What is needed: So that the copy stays text only, transcribe the data below exactly and exclude the images.
Segment Start: Data
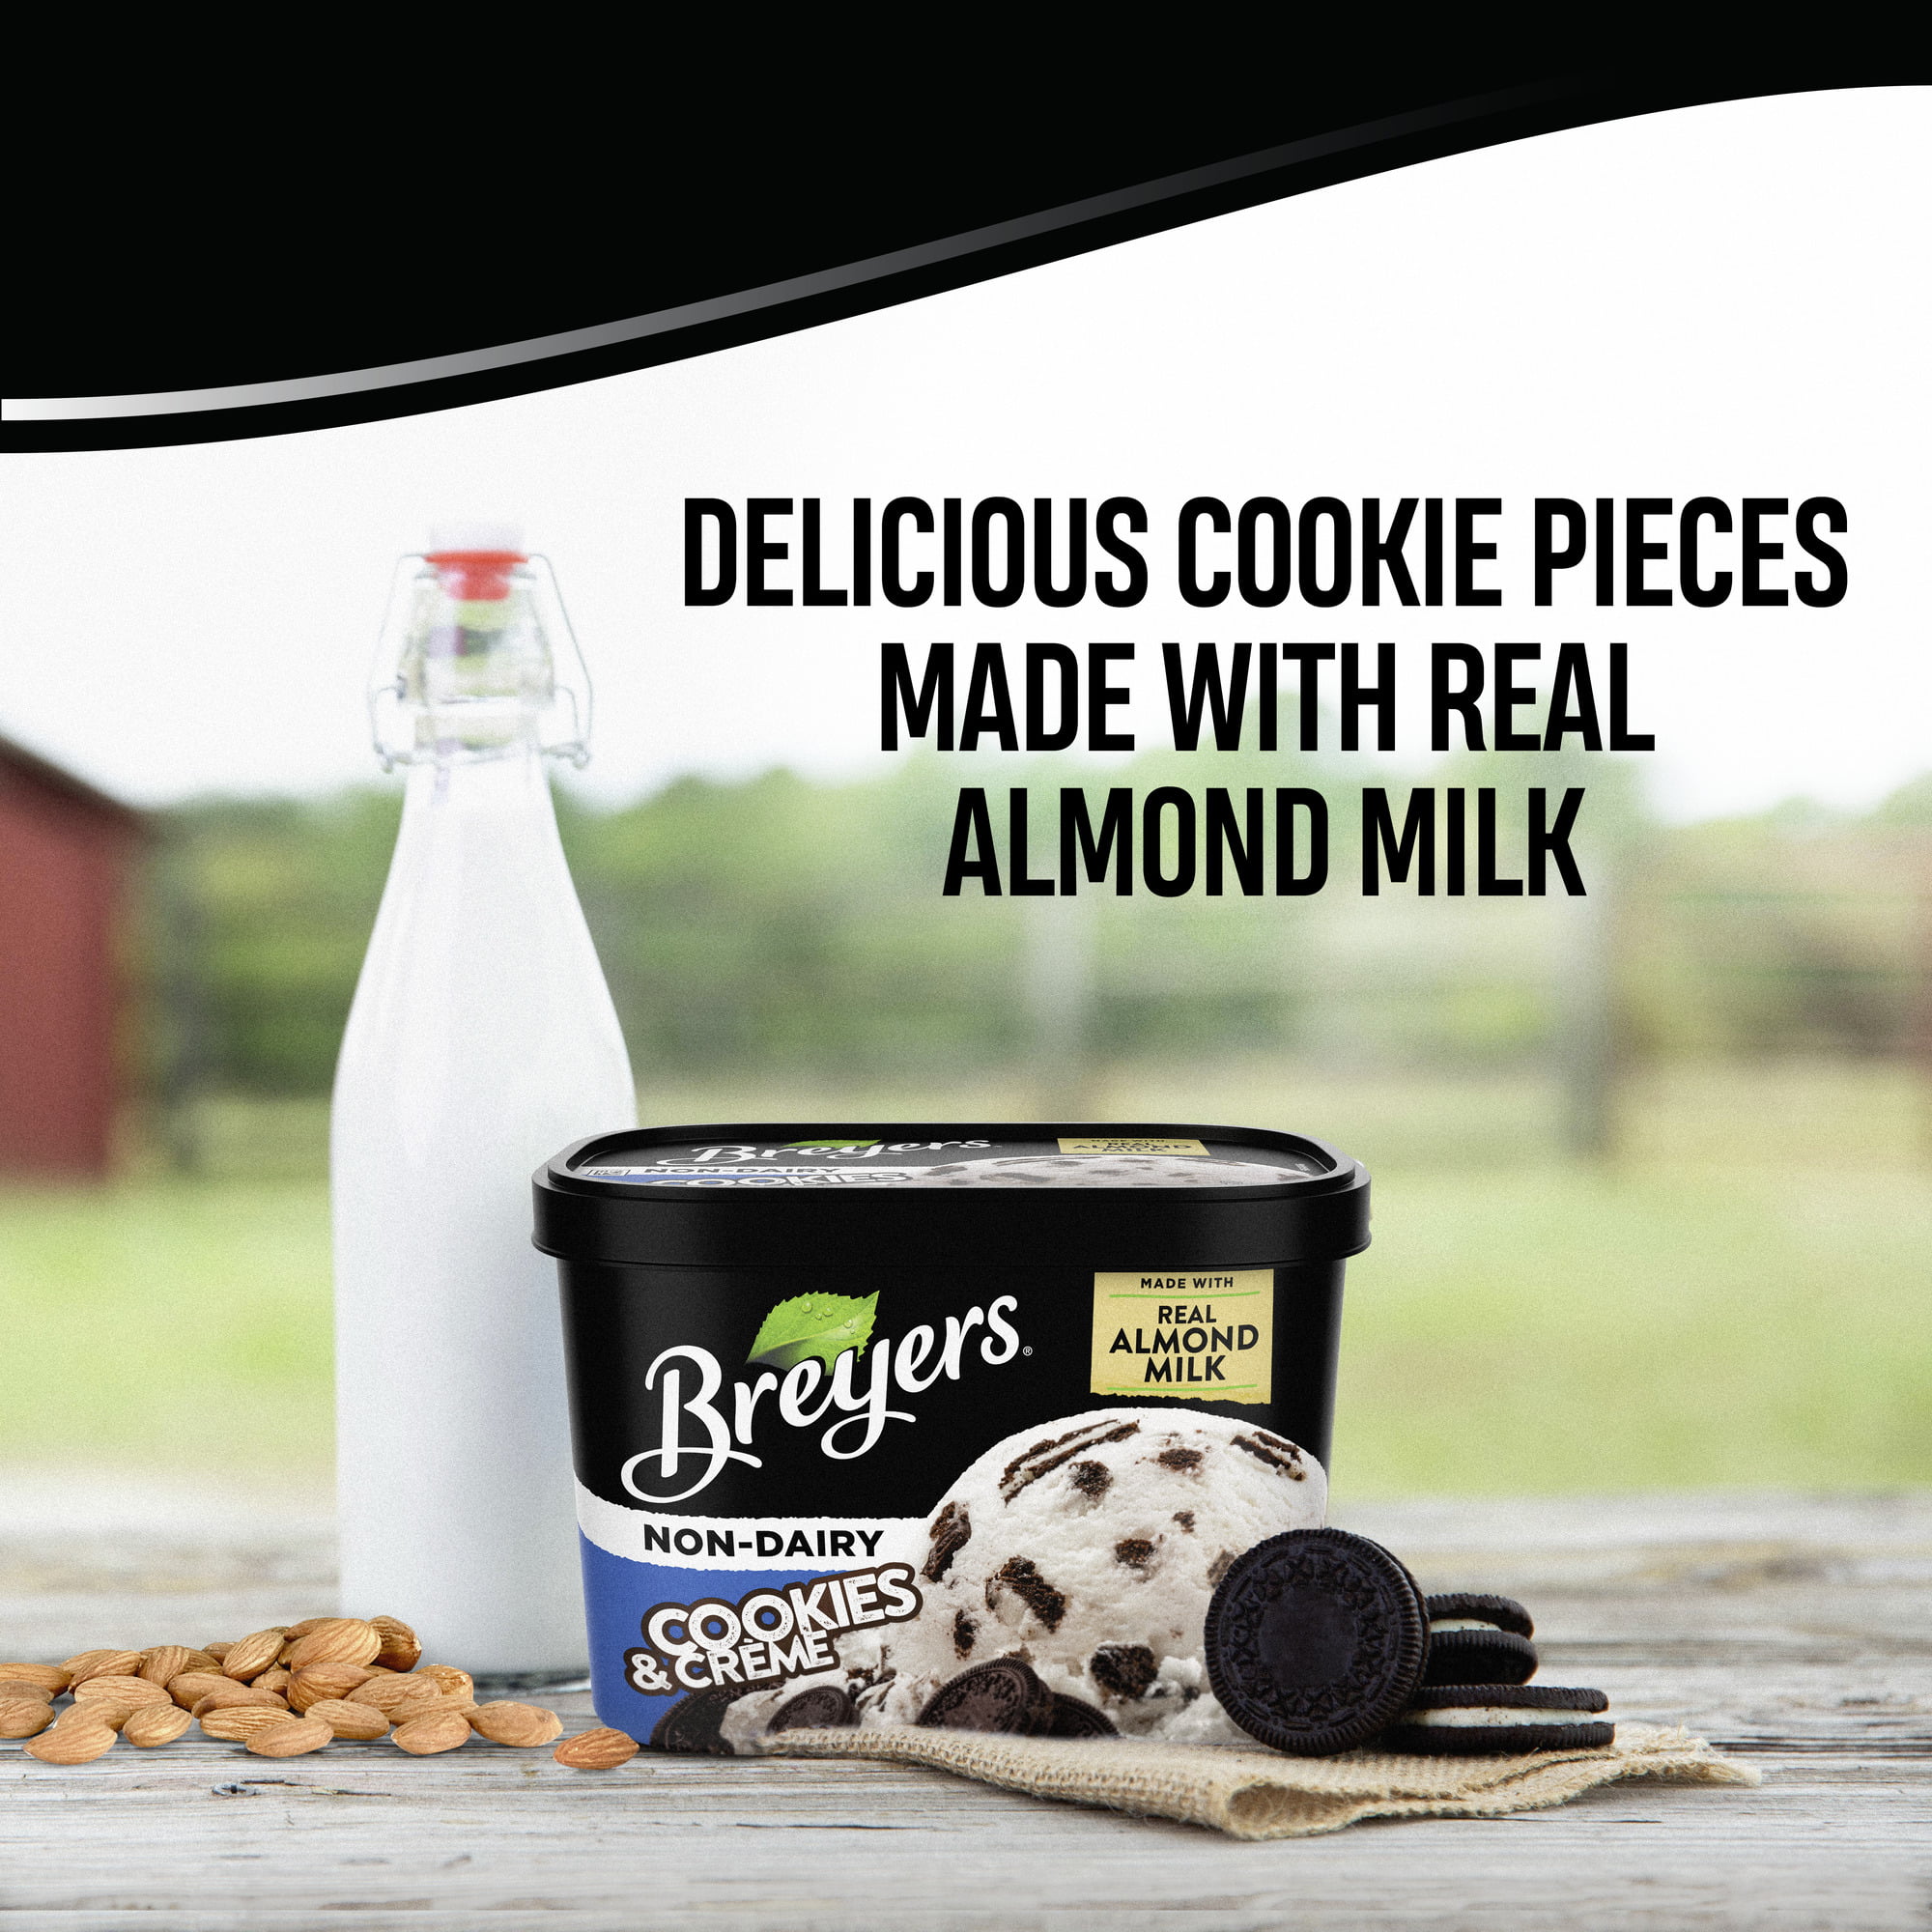 Breyers Non-Dairy Cookies and Creme Frozen Dessert, 48 oz - image 6 of 9
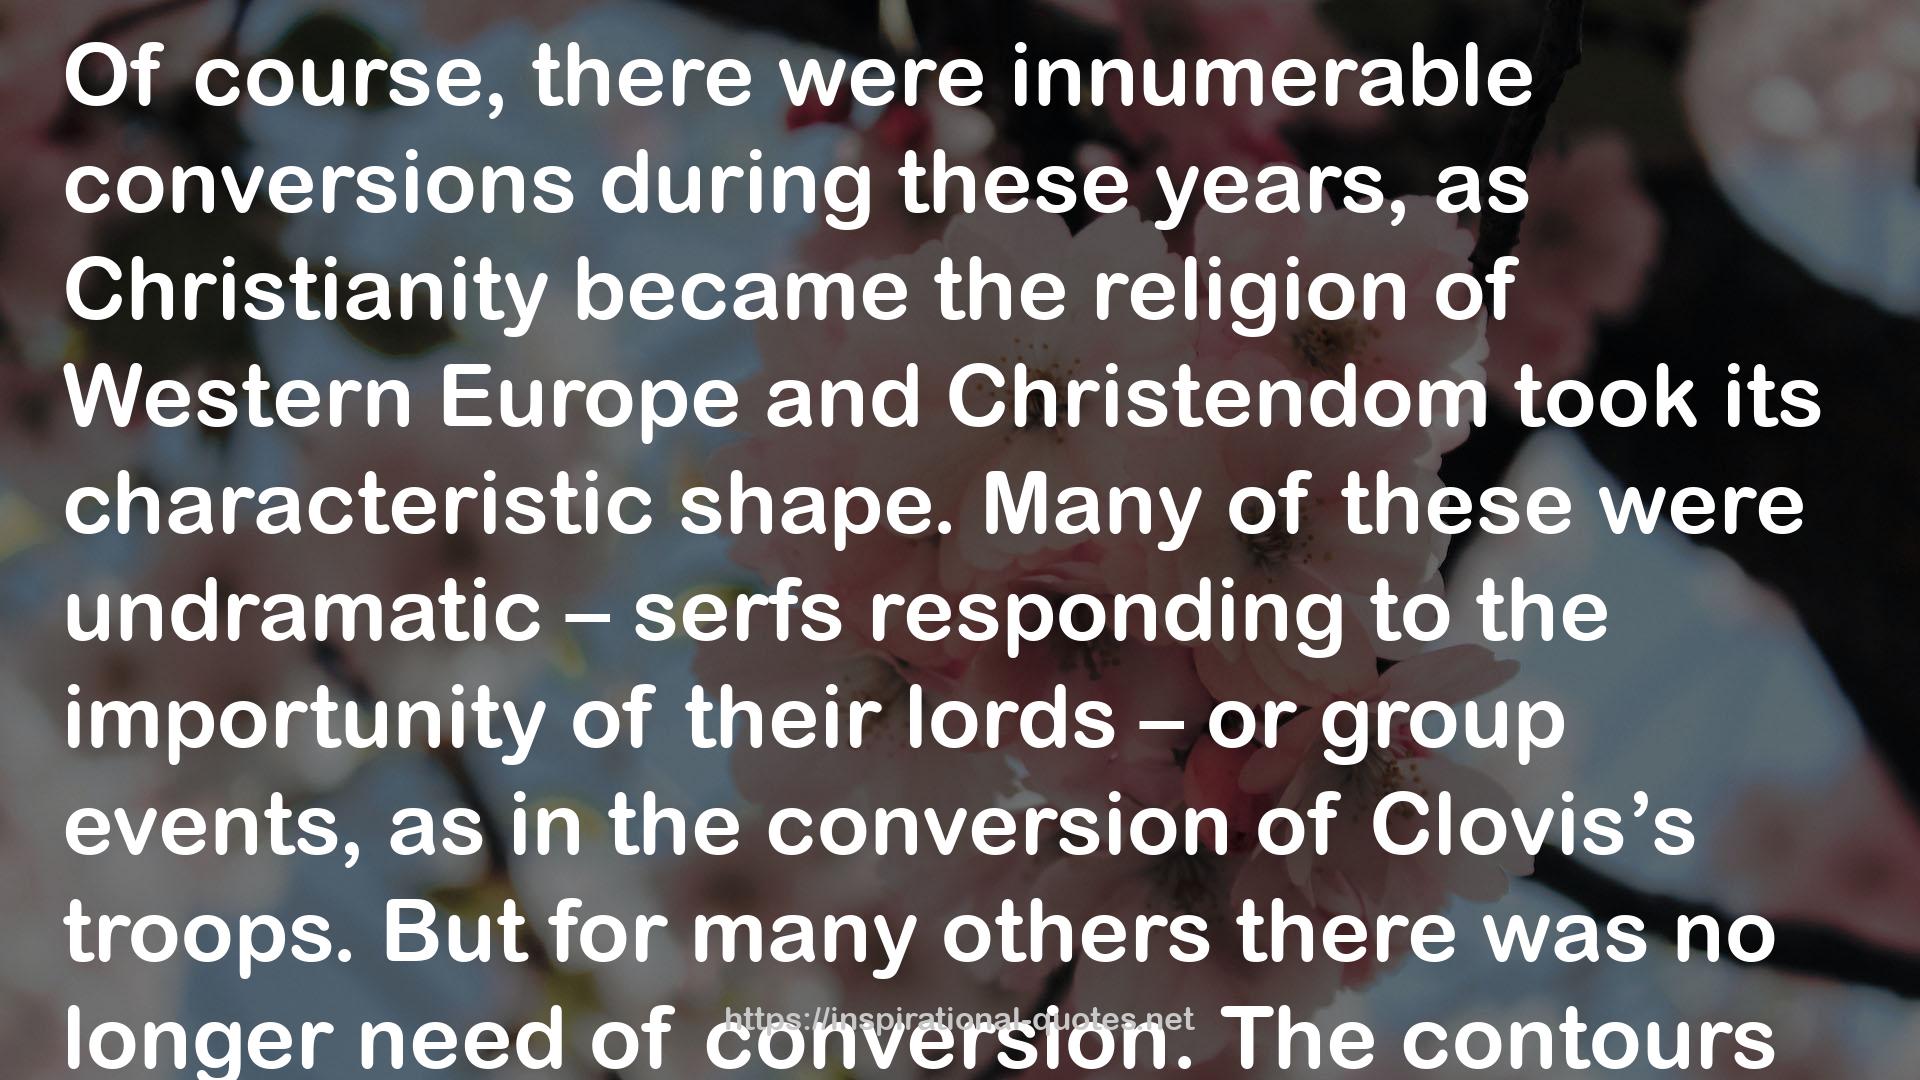  quote : Of course, there were innumerable conversions during these years, as Christianity became the religion of Western Europe and Christendom took its characteristic shape. Many of these were undramatic – serfs responding to the importunity of their lords – or group events, as in the conversion of Clovis’s troops. But for many others there was no longer need of conversion. The contours of Christian experience had shifted. Whereas up to the time of Augustine there had been four stages of initiation and incorporation into the church, there were no typically two. The first stage was brief and obligatory – baptism in the days or months after birth. The second stage would happen later and would take longer – if it took place at all – when confirmation happened and when parents instructed their children and godparents instructed their godchildren in the beliefs and behavior of the Christian church. Indeed, at this time of the rapid spread of Christianity into new territories, it was vitally necessary that the baptizands be taught well. The heroic and valorous values of the folk, the glorious narratives of warriors, the adulation of wealth and strength – all of these were as firmly in place in seventh-century Gaul as the pagan values and narratives had been in third-century Rome. If Christianity were to be a religion of revelation that could challenge the commonplaces of Gallic society, if new habits were to be taught and new role models were to be adopted, there would have to be some form of postbaptismal pastoral follow-up.
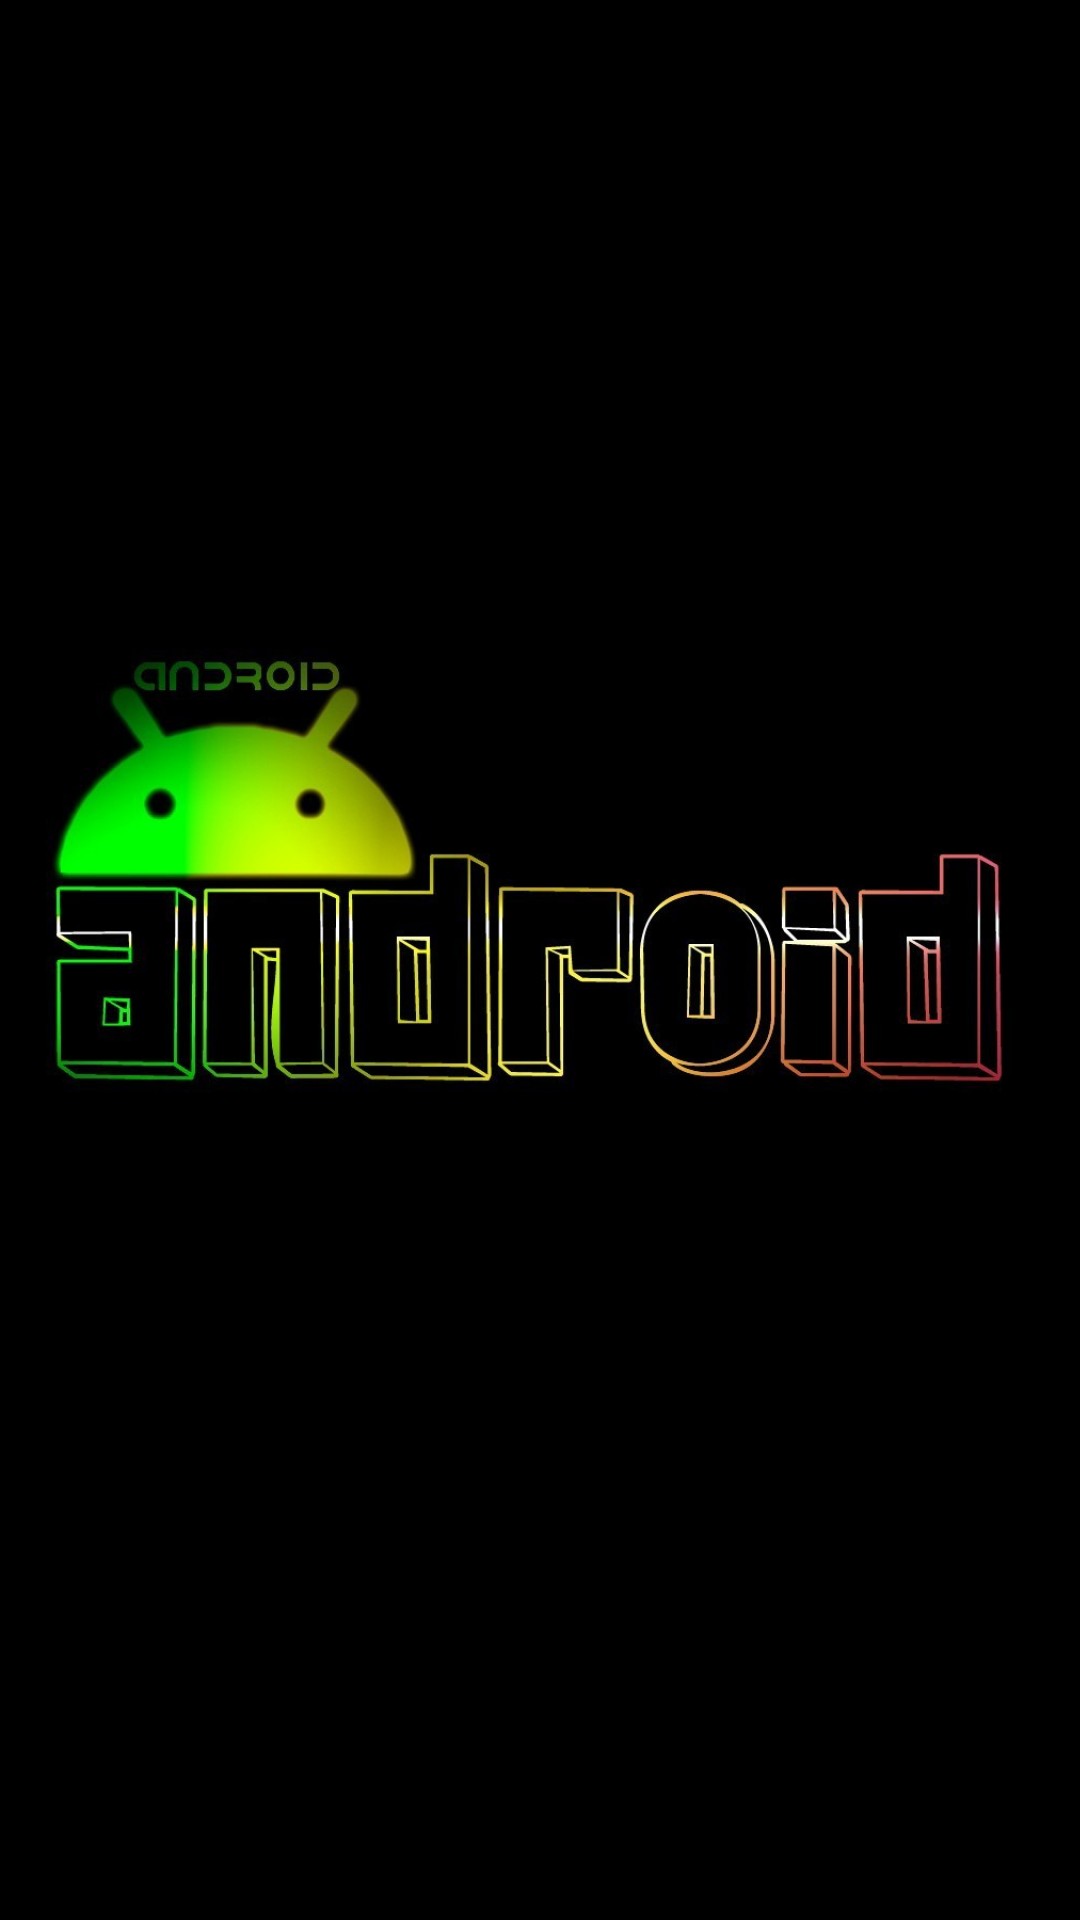 HD Android Logo Wallpaper For Mobile
Segment End: Data
Task response:
 Breyers Non-Dairy Cookies and Creme Frozen Dessert, 48 oz - image 6 of 9
  quote : Of course, there were innumerable conversions during these years, as Christianity became the religion of Western Europe and Christendom took its characteristic shape. Many of these were undramatic – serfs responding to the importunity of their lords – or group events, as in the conversion of Clovis’s troops. But for many others there was no longer need of conversion. The contours of Christian experience had shifted. Whereas up to the time of Augustine there had been four stages of initiation and incorporation into the church, there were no typically two. The first stage was brief and obligatory – baptism in the days or months after birth. The second stage would happen later and would take longer – if it took place at all – when confirmation happened and when parents instructed their children and godparents instructed their godchildren in the beliefs and behavior of the Christian church. Indeed, at this time of the rapid spread of Christianity into new territories, it was vitally necessary that the baptizands be taught well. The heroic and valorous values of the folk, the glorious narratives of warriors, the adulation of wealth and strength – all of these were as firmly in place in seventh-century Gaul as the pagan values and narratives had been in third-century Rome. If Christianity were to be a religion of revelation that could challenge the commonplaces of Gallic society, if new habits were to be taught and new role models were to be adopted, there would have to be some form of postbaptismal pastoral follow-up.
 HD Android Logo Wallpaper For Mobile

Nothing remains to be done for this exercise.